YOUR ASSIGNMENT: Give back the lines below verbatim, omitting all pictures.

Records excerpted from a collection
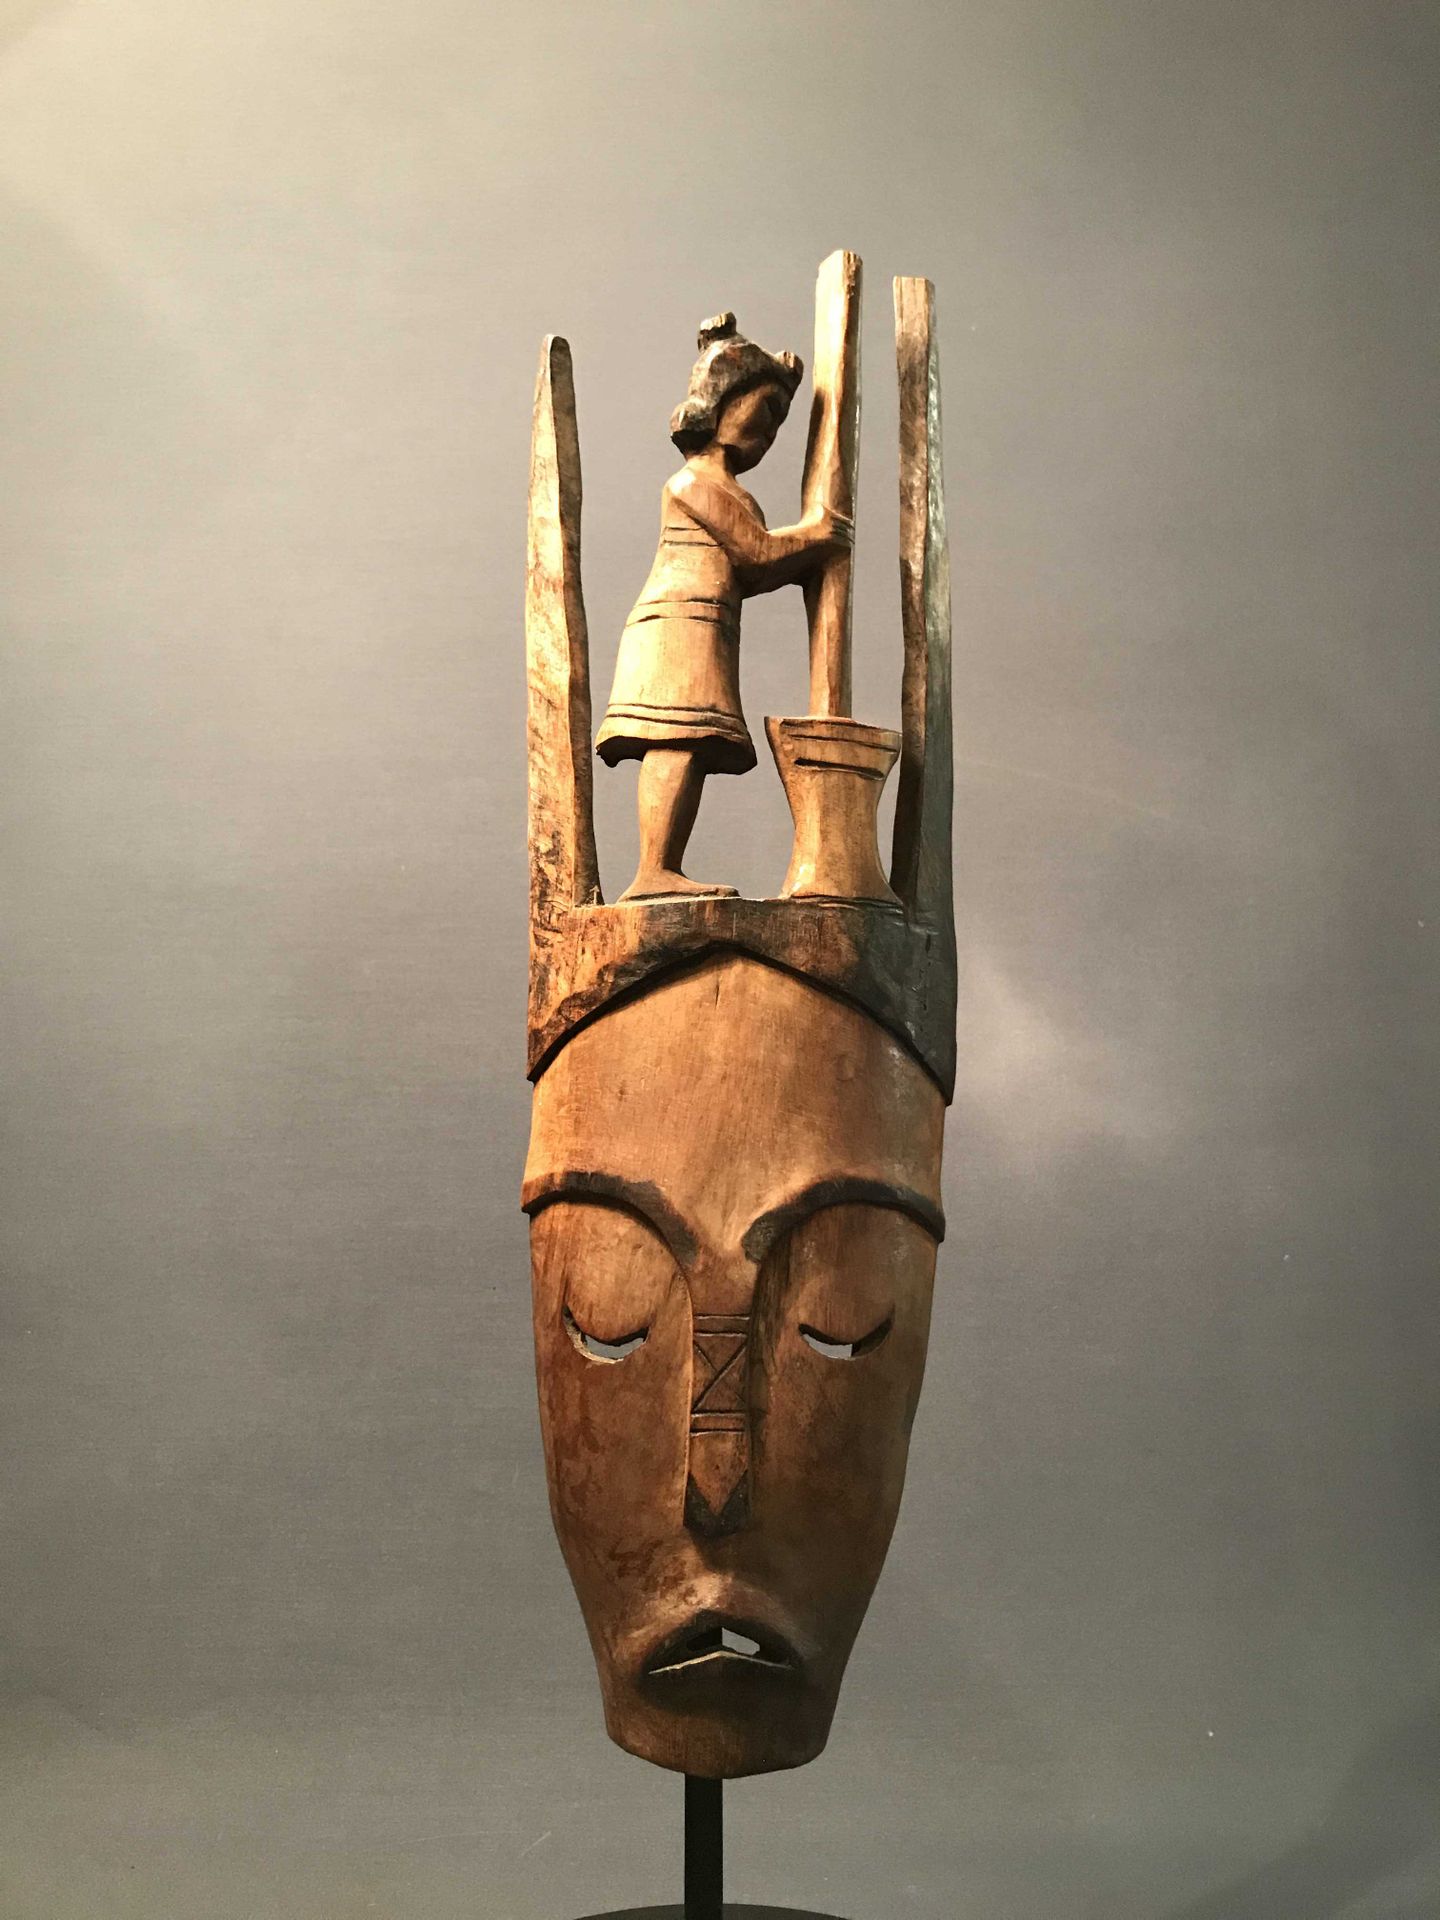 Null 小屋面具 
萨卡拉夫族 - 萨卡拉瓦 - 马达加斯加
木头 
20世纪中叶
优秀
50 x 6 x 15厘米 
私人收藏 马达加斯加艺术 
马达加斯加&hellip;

SOLUTION FOR THIS EXERCISE:
 Null 小屋面具 
萨卡拉夫族 - 萨卡拉瓦 - 马达加斯加
木头 
20世纪中叶
优秀
50 x 6 x 15厘米 
私人收藏 马达加斯加艺术 
马达加斯加&hellip;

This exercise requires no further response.